The data enhancement method is a method for expanding training data, and the quantity of the training set is expanded by transforming the training set, so that the generalization capability of the model is improved. The initial data enhancement methods were applied to image data enhancement and later developed to text data enhancement. The traditional text data enhancement method has a good effect when being applied to a named entity recognition task, but a data enhancement method for a relation extraction task is lacked.
The named entity recognition task and the relation extraction task are both sequence labeling tasks, and no effective solution is provided aiming at text data enhancement of the sequence labeling tasks at present.
Disclosure of Invention
In order to meet the requirement of a sequence labeling task on data enhancement, the invention aims to provide a text data enhancement method and a text data enhancement system for the sequence labeling task.
In order to realize the purpose, the technical scheme of the invention is as follows:
a text data enhancement method for a sequence labeling task comprises the following steps:
step 1: dividing a data set, namely dividing a text data set of a sequence labeling task into a training set, a verification set and a test set according to the proportion of 7;
step 2: acquiring an entity, namely extracting the entity and an entity type from a training set of a sequence labeling task;
and 3, step 3: the entity dictionary structure is used for combining different entities of each entity type into an entity list, each entity type and the corresponding entity list are a key value pair, and a plurality of key value pairs form an entity dictionary;
and 4, step 4: data enhancement, namely performing data enhancement on the training set of the sequence labeling task to generate an enhanced text;
and 5: removing the duplication of the enhanced texts, wherein the generated enhanced texts are subjected to duplication removal processing to obtain an enhanced text set;
and 6: model training, combining the training set and the enhanced text set, performing deep learning model training, testing the generalization error of the model through the verification set, and evaluating the model effect through the test set; wherein:
and 4, performing data enhancement on the training set of the sequence labeling task, which specifically comprises the following steps:
selecting a target text from a training set of the sequence labeling task, and determining an entity to be replaced of the target text;
for an entity to be replaced, randomly selecting whether the entity is subjected to entity replacement or not under the binomial distribution of the probability P;
if the entity to be replaced needs to be replaced, obtaining an entity list according to the entity type of the entity to be replaced and the entity dictionary, randomly selecting an entity from the entity list, and replacing the original entity;
if the entity does not need to be replaced, the entity remains unchanged;
and carrying out replacement operation on all entity types to be replaced in the target text to obtain the enhanced text.
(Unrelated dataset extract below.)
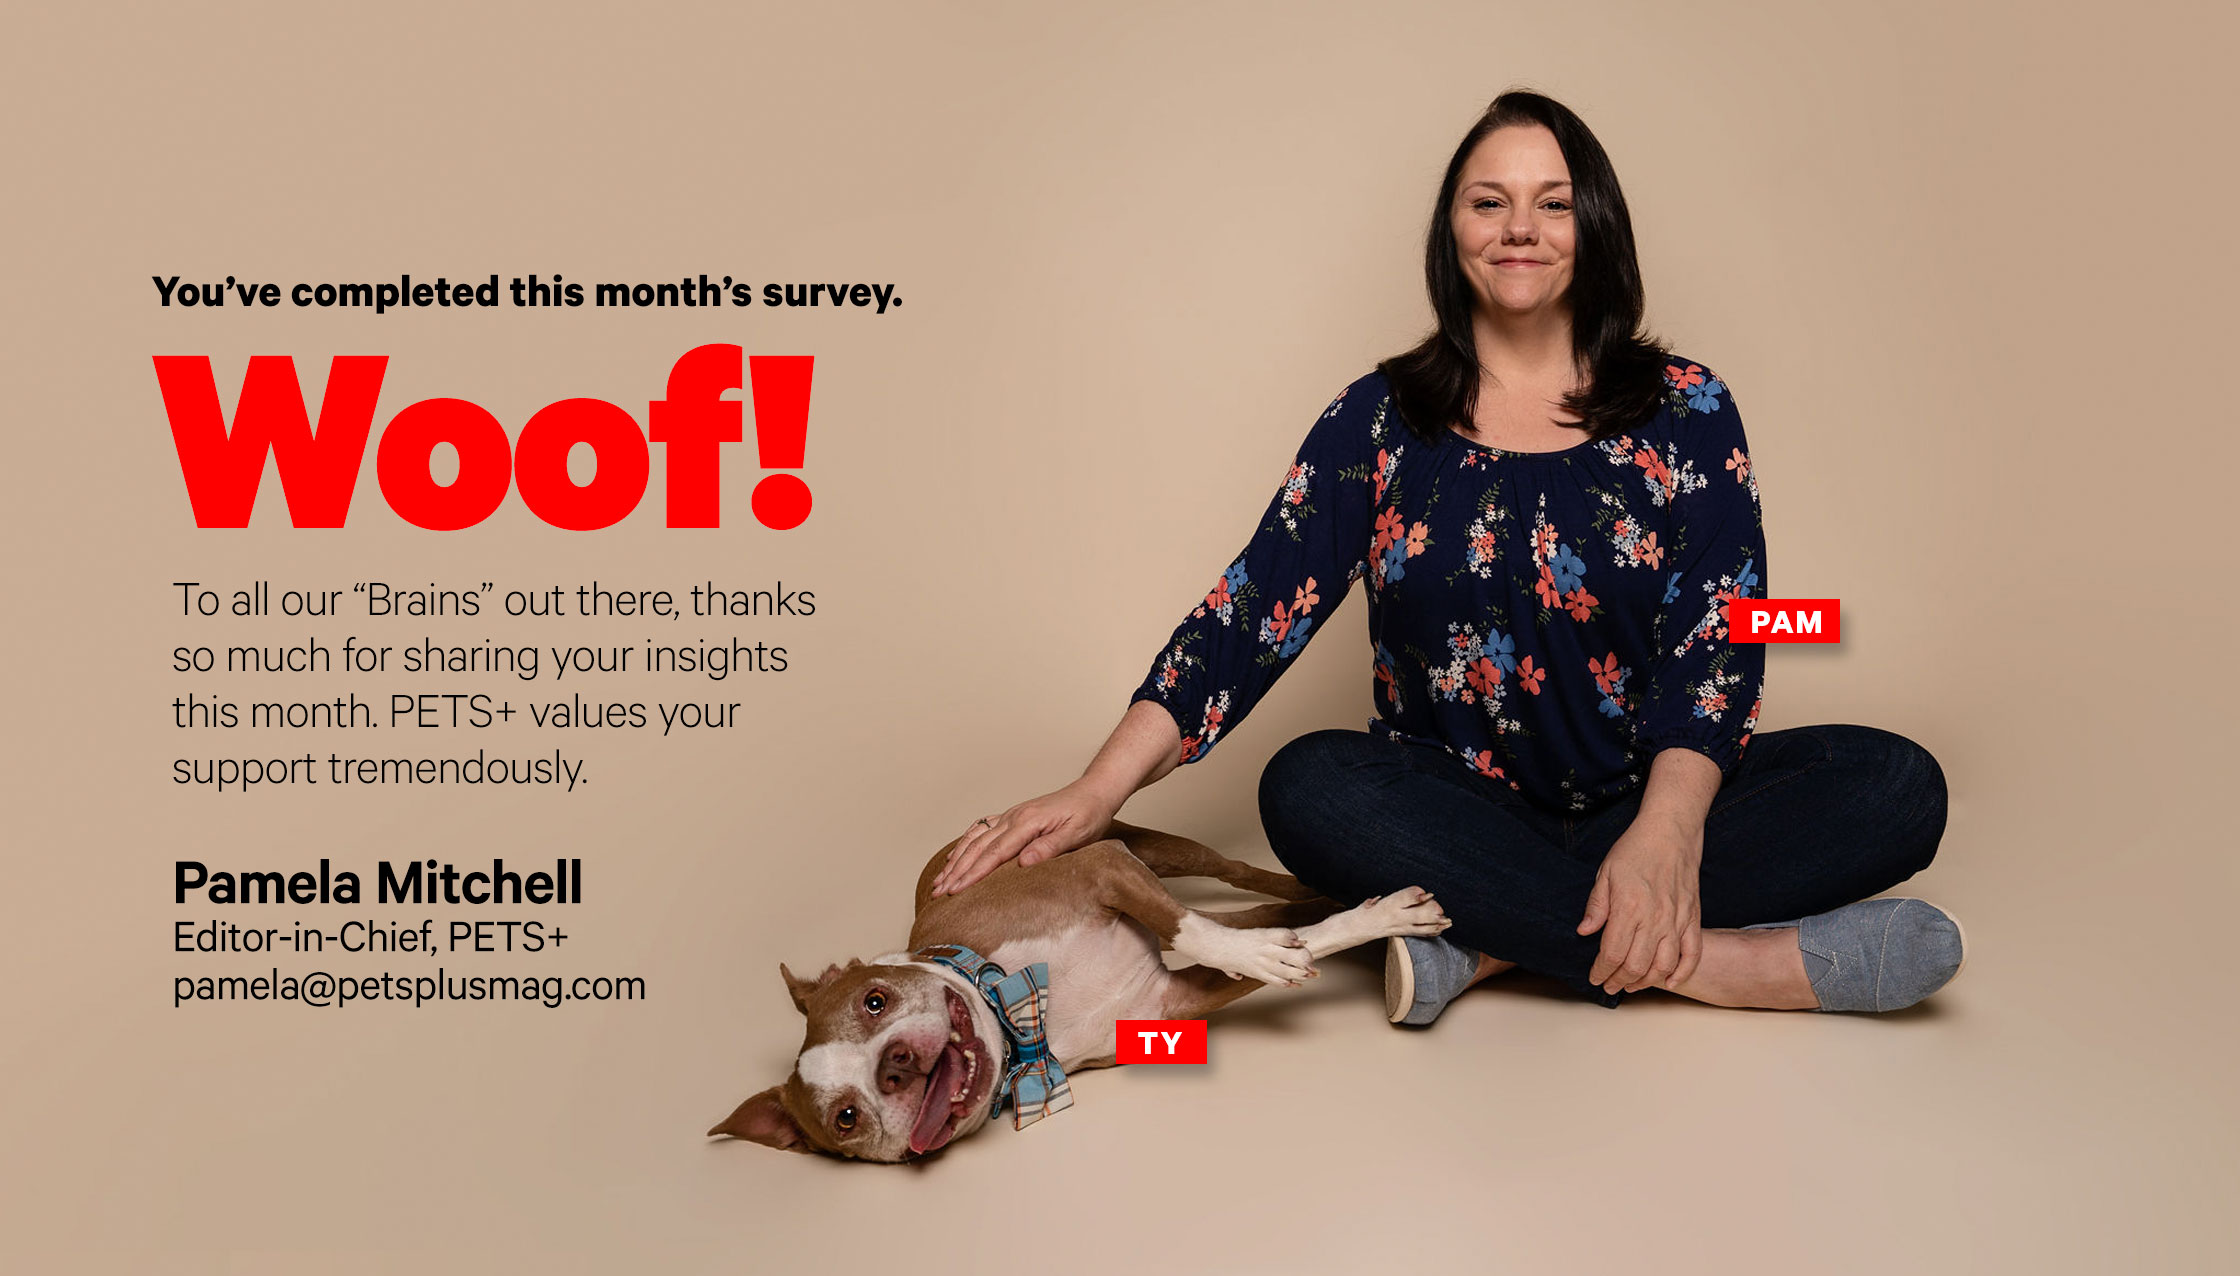 Pamela Mitchell, editor of PETS+
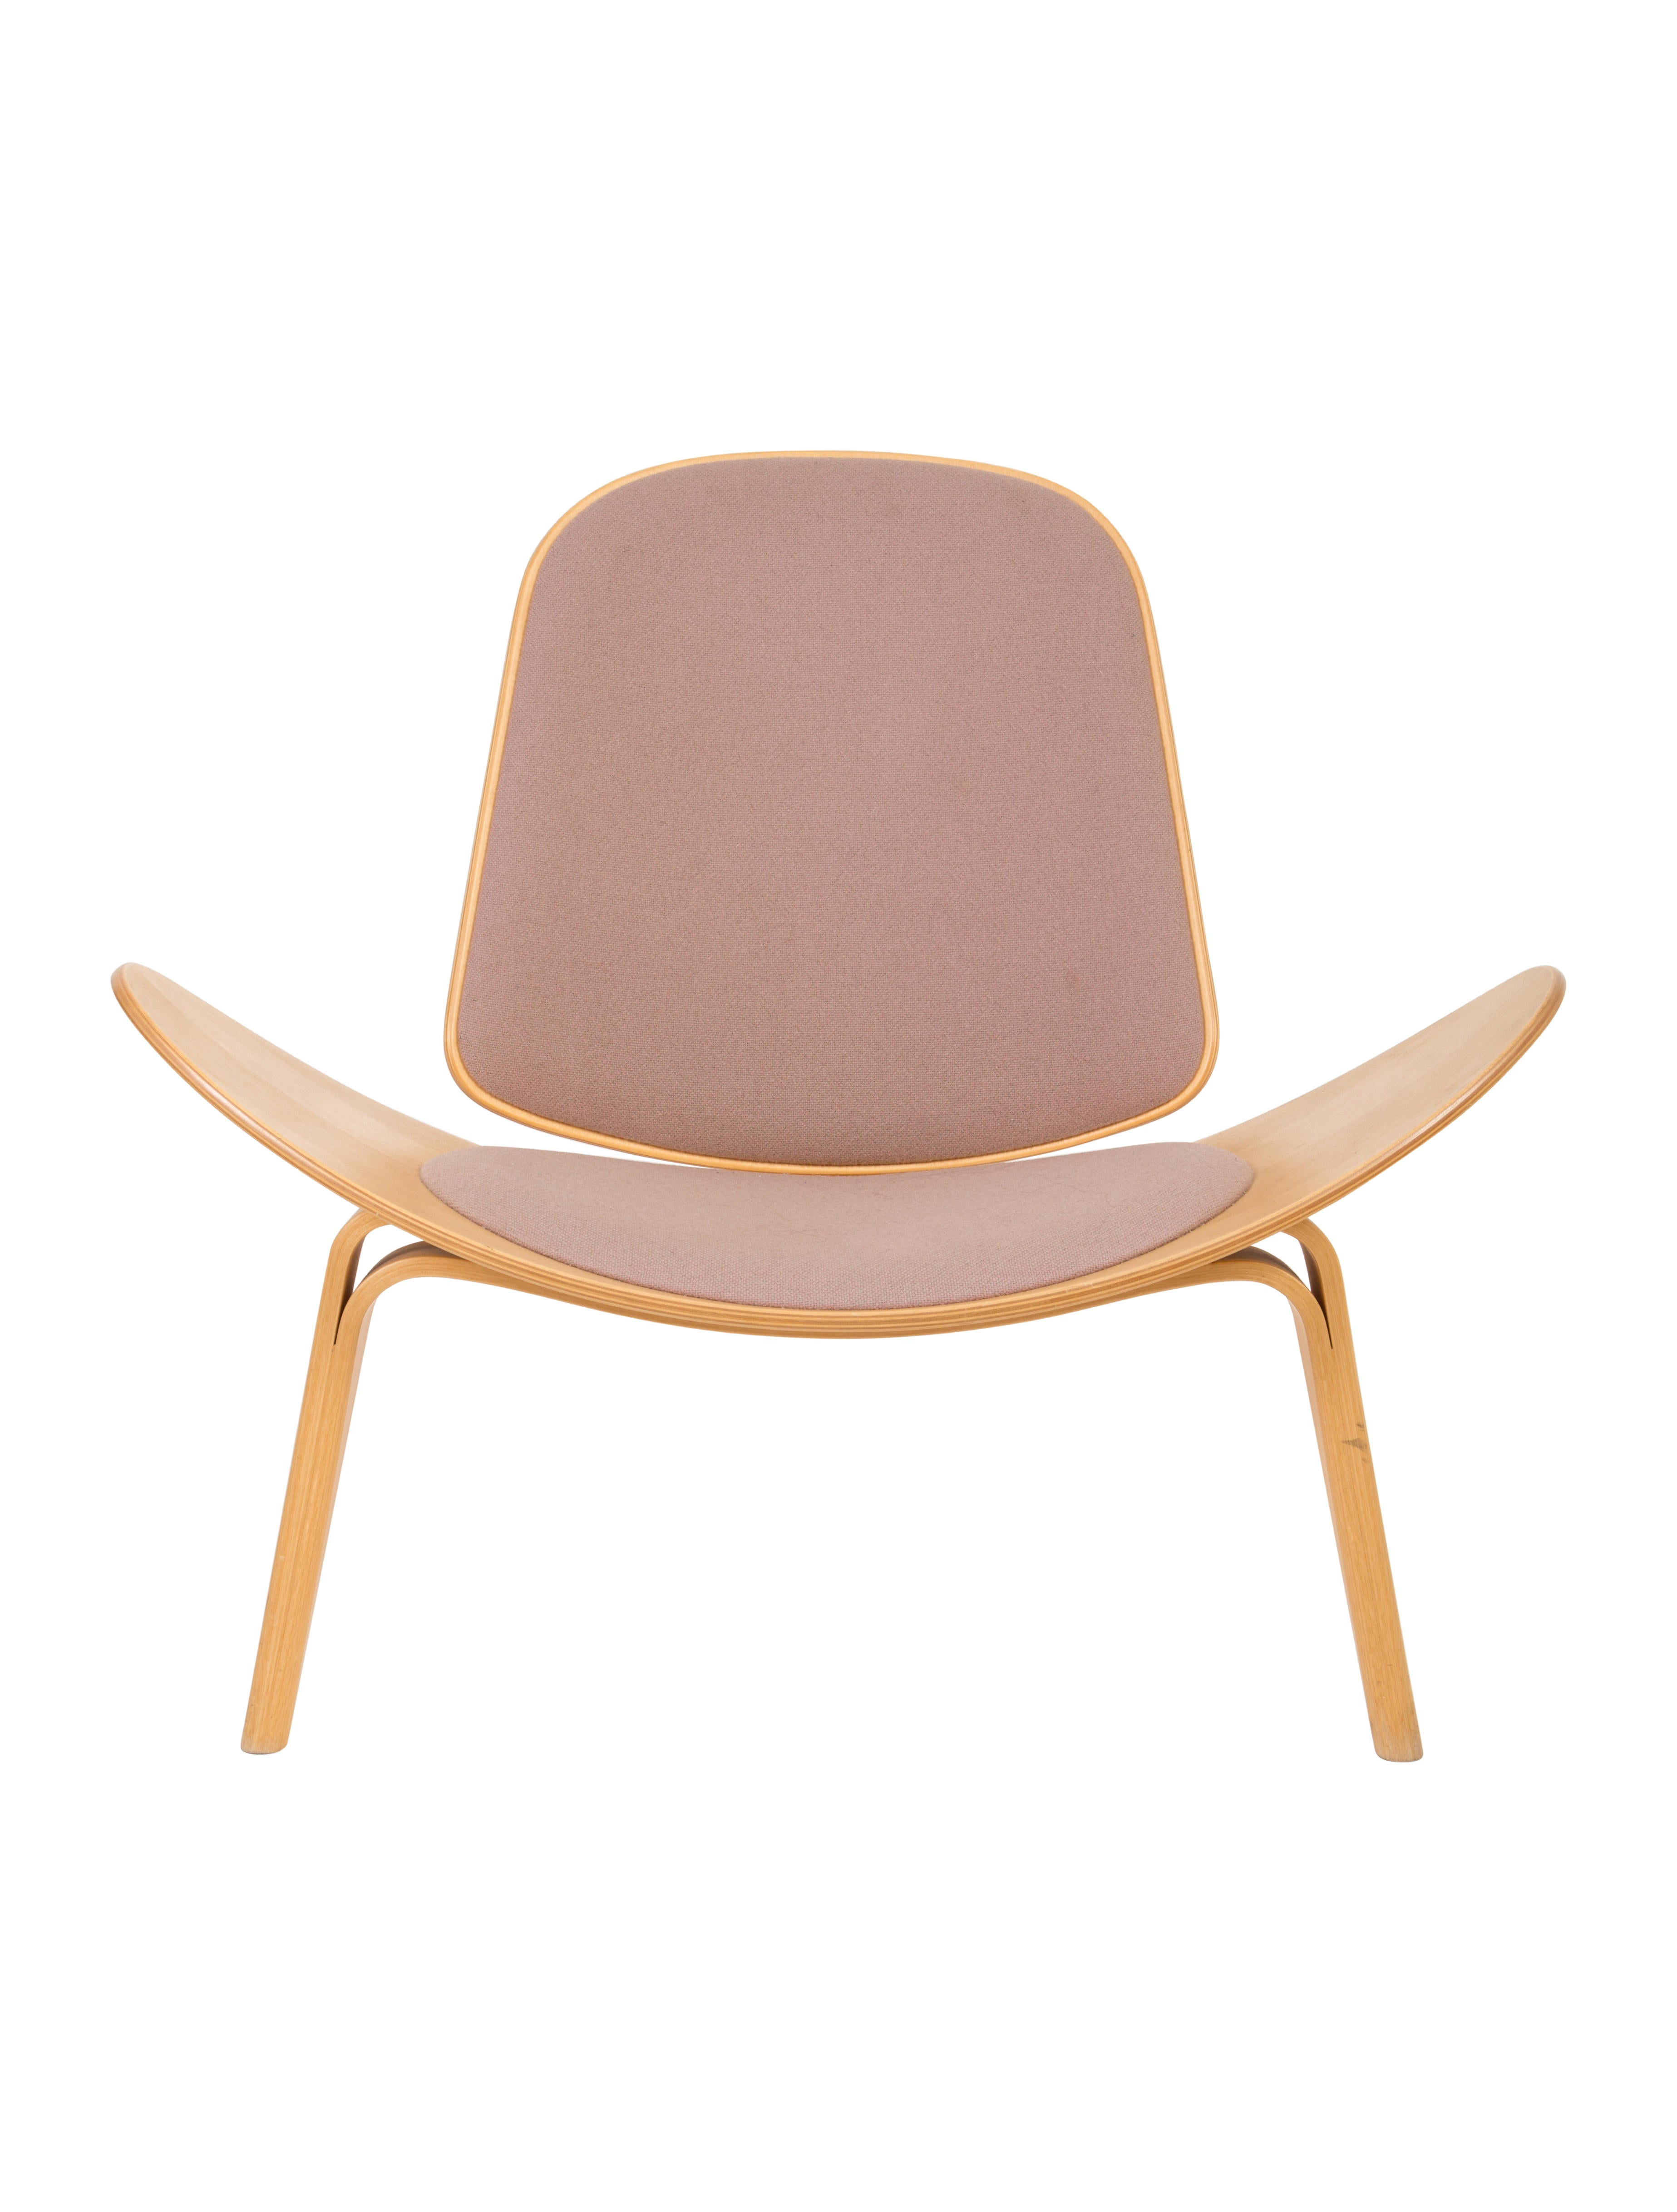 Carl Hansen Son Hans J Wegner Shell Chair Furniture

According to the text data enhancement method for the sequence labeling task, the sequence labeling task comprises a named entity identification task or a relation extraction task.
A system for text data enhancement of a sequence annotation task, comprising:
the data acquisition module is used for acquiring and establishing a text data set of the sequence labeling task, and dividing the text data set into a training set, a verification set and a test set according to the proportion of (7);
the entity dictionary generating module is used for generating an entity dictionary by utilizing the training set of the sequence labeling task;
the data enhancement module is used for enhancing data of the training set of the sequence labeling task to generate an enhanced text;
the enhanced text deduplication module is used for performing deduplication processing on a plurality of generated enhanced texts to obtain an enhanced text set;
and the model training module is used for merging the training set and the enhanced text set, performing deep learning model training, testing the generalization error of the model through the verification set and evaluating the model effect through the test set.
The text data enhancement system of the sequence labeling task comprises a named entity identification task or a relation extraction task.
The entity dictionary generation module further comprises:
the entity acquisition unit is used for extracting entities and entity types from a training set of the sequence labeling task;
and the entity dictionary construction unit is used for combining different entities of each entity type into an entity list, each entity type and the corresponding entity list are a key value pair, and a plurality of key value pairs form an entity dictionary.
The data enhancement module further comprises:
the target text selection unit selects a target text from the training set of the sequence labeling task and determines an entity to be replaced of the target text;
the entity replacement unit randomly selects whether the entity to be replaced carries out entity replacement or not under the binomial distribution of the probability P;
if the entity to be replaced needs to be replaced, obtaining an entity list according to the entity type of the entity to be replaced and the entity dictionary, randomly selecting an entity from the entity list, and replacing the original entity;
if the entity does not need to be replaced, the entity remains unchanged;
and the enhanced text generation unit is used for carrying out replacement operation on all entity types to be replaced in the target text to obtain the enhanced text.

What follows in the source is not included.